Clifford Lynch (UC Office of the President) drew attention to the widespread call for interoperability, and noted its implications for the concept of metadata. An important function of metadata is to permit sharing of scientific information between potentially incompatible computing systems. Metadata plays an essential function in the drive to make systems interoperate, by providing a digital description of the information object to the receiving system. But various levels of interoperability can be defined, depending on the level to which the receiving system understands the incoming object's contents. In a GIS context, interoperability can mean no more than the ability to transfer the geometry of points, lines, and areas; a higher level of sophistication is needed to transfer the attributes of such objects, and the relationships between them. However full interoperability will only be achieved if the meaning of the object's contents is clear to the receiving system. The Open GIS Consortium (http://ogis.org) is directing its efforts to the achievement of full semantic interoperability in GIS.
The Dublin Core
Stuart Weibel (OCLC) presented a brief review of the outcome of a workshop sponsored in March 1995 by OCLC and the National Center for Supercomputing Applications (NCSA) to attempt to determine essential elements for information object description in a networked environment (http://www.oclc.org:5046/oclc/research/conferences/metadata/metadata.html). Thirteen elements were identified that have since become known as the Dublin Core. A second workshop was held in April 1996 in the UK.

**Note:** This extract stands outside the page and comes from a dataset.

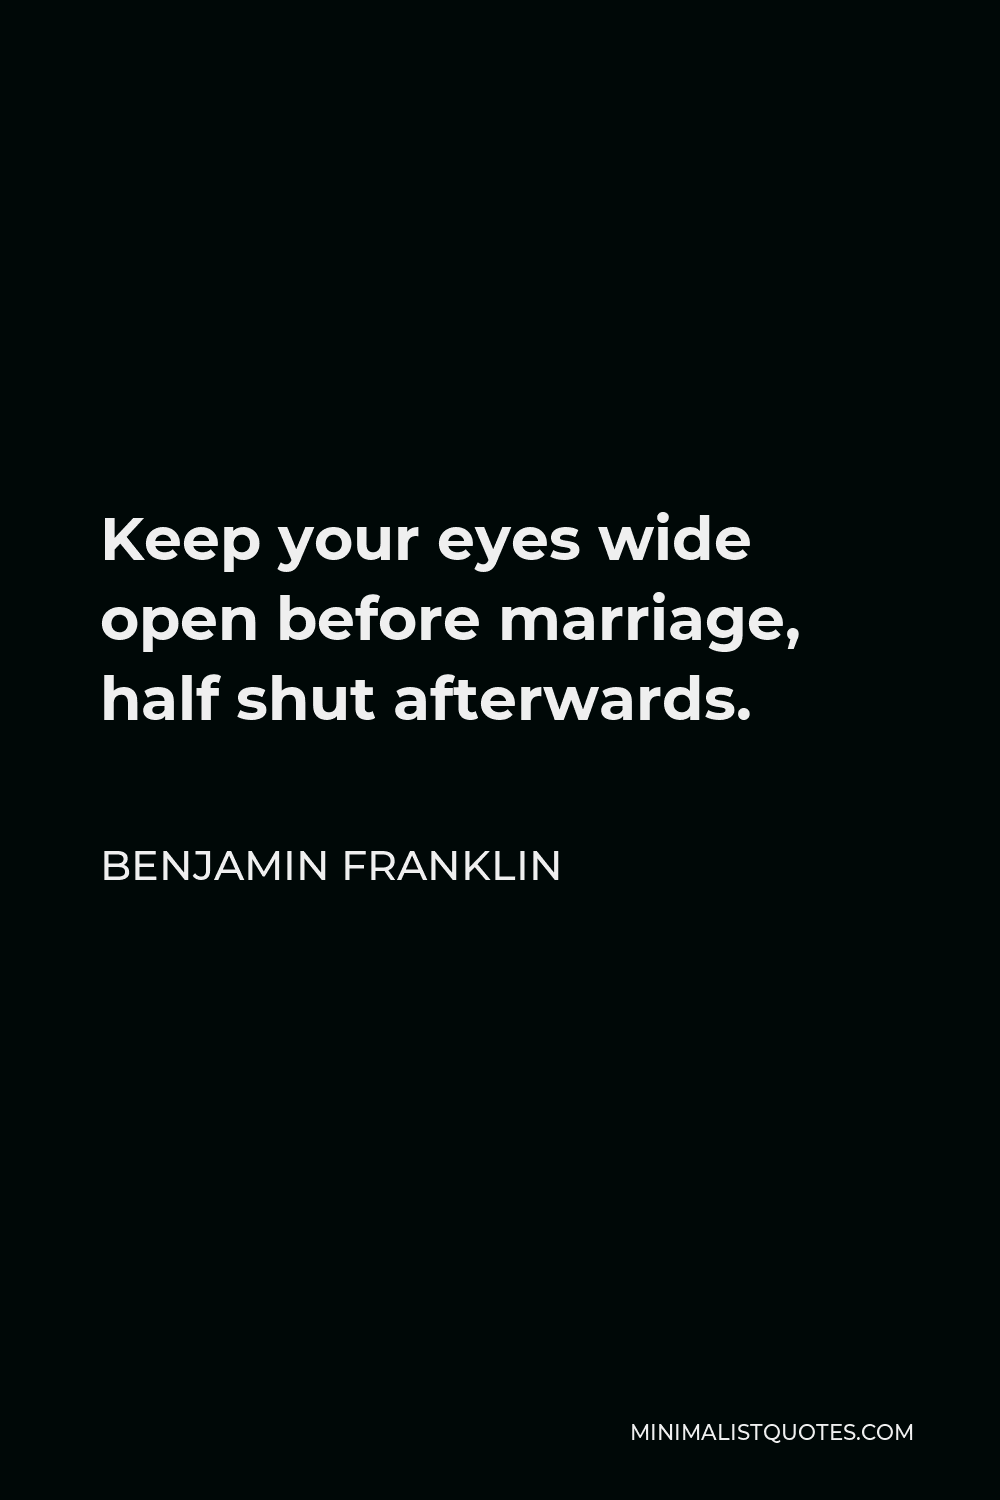 Benjamin Franklin Quote - Keep your eyes wide open before marriage, half shut afterwards.

Several ground rules were established for the Dublin Core. First, it should emphasize the elements that authors would assign. Its domain was defined as objects that are "document-like", though not necessarily thought of as documents in the traditional sense. It should emphasize the resource discovery objective of metadata, and not address other issues such as object handling. Finally, it should avoid concern for the detailed syntax of description.

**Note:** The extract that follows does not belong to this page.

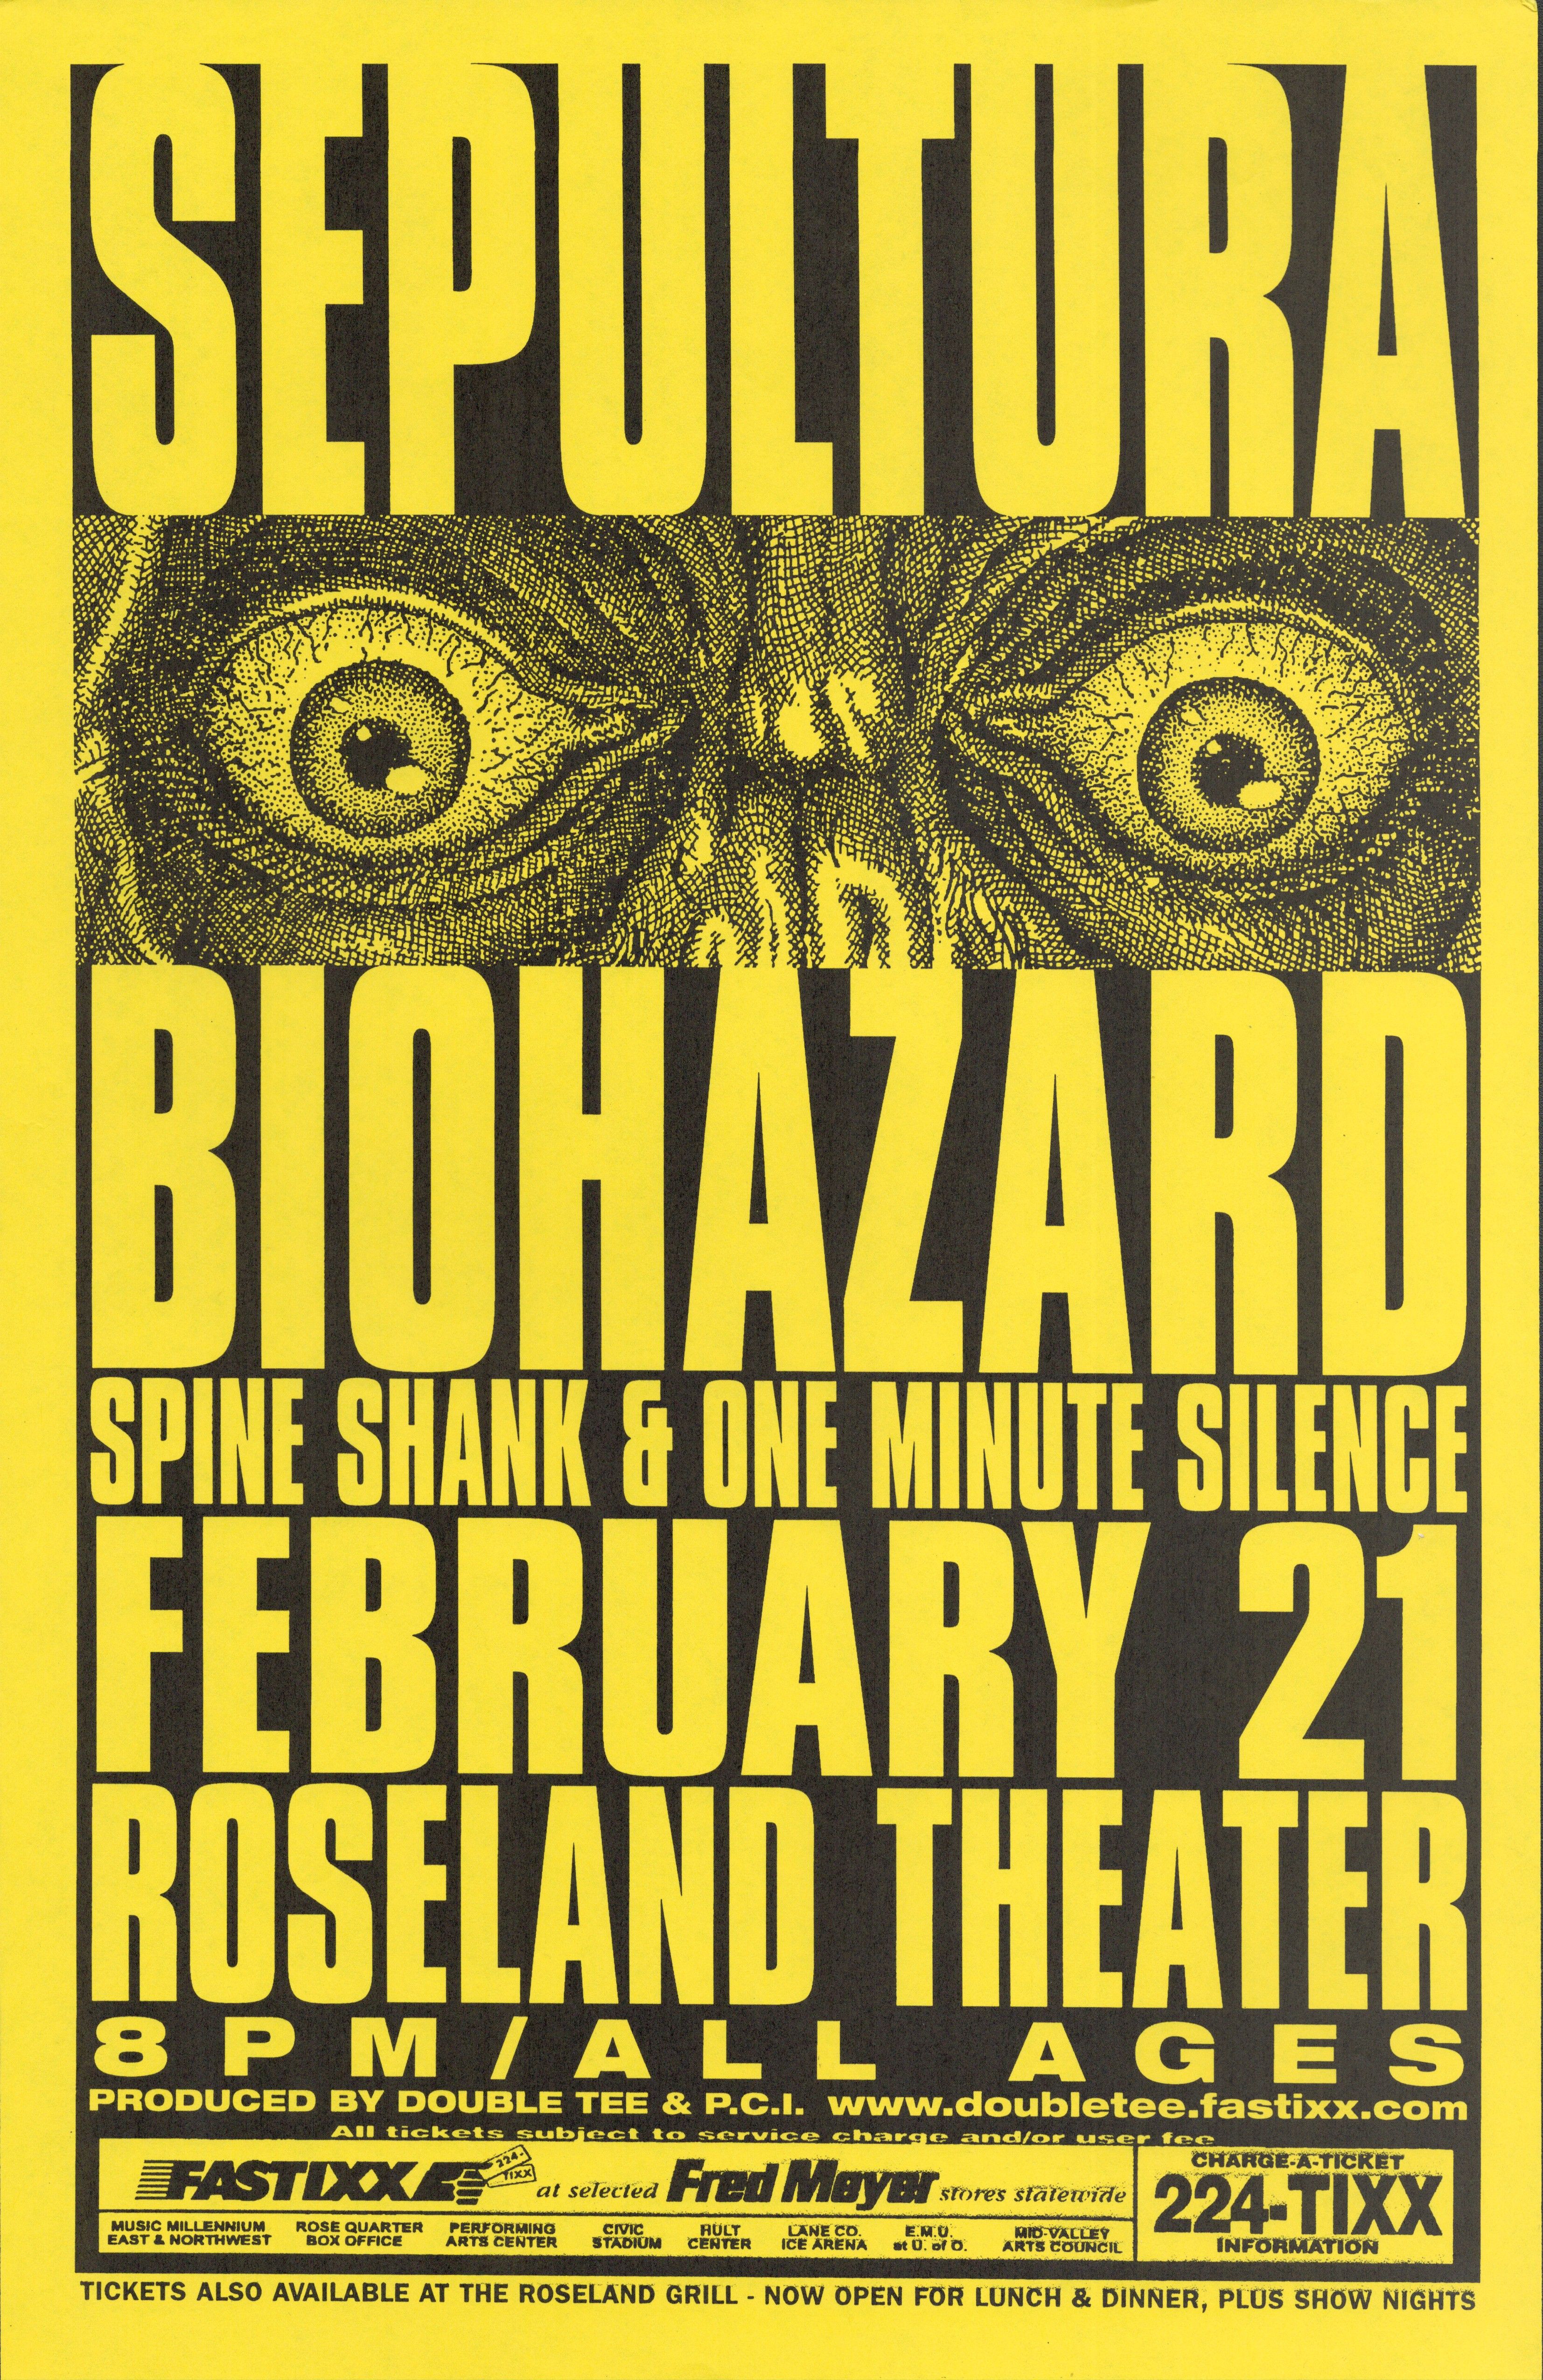 MXP-221.5 Sepultura Roseland Theater 1999 Concert Poster

The thirteen elements of the Dublin Core are all optional, and the Core is extensible to meet the USMARC, FGDC, and other metadata element sets. The elements include subject, title, author, publisher, other agents, data, object type, form, identifier, relation to other object(s), source, coverage, and language. Coverage was defined to include geographic extent, but the Core does not include level of geographic detail or its surrogates (e.g., scale) in the basic set.
SYNTHESIS
Several broad themes emerged from the discussion, and were used as the basis for break-out discussions in the afternoon of the workshop. The conclusions of each group are briefly summarized below. In addition, a presentation on the workshop's conclusions was made to the Digital Library Initiative plenary session the following day, and that presentation is also summarized here.
Fundamental changes
The workshop concluded that digital libraries present no fundamentally different problems of cataloging and information access that have not been of concern to the cataloging community in the past. On the other hand, it was agreed that certain changes were of sufficient importance to require examination and research, since they would affect the nature of metadata in the digital library. There was consensus that changes such as the following would have a significant impact:
* The emergence of new information types, and new packaging for old information types. The transition to digital information removes many of the barriers that previously defined cataloging domains, and opens new opportunities for integration of data from multiple media, and data that have not been part of the traditional mainstream.
* The need to merge or fuse data from different sources. In the digital world we are likely to be confronted frequently with multiple sources of the same or similar information. In GIS, for example, it will frequently be useful to be able to integrate data from different scenes, taken at different times, with different levels of resolution. In this and other ways the digital library is likely to offer the prospect of integration of data--an opportunity that did not exist in traditional libraries. We do not yet understand the implications of this potential for data description.
* The ability to transform, analyze, and view data in different ways. Similarly to the previous point, digital libraries open opportunities for presenting information objects in many ways, and for transforming content to meet various objectives. Effective metadata must anticipate these opportunities, which are much more extensive than existed for traditional libraries.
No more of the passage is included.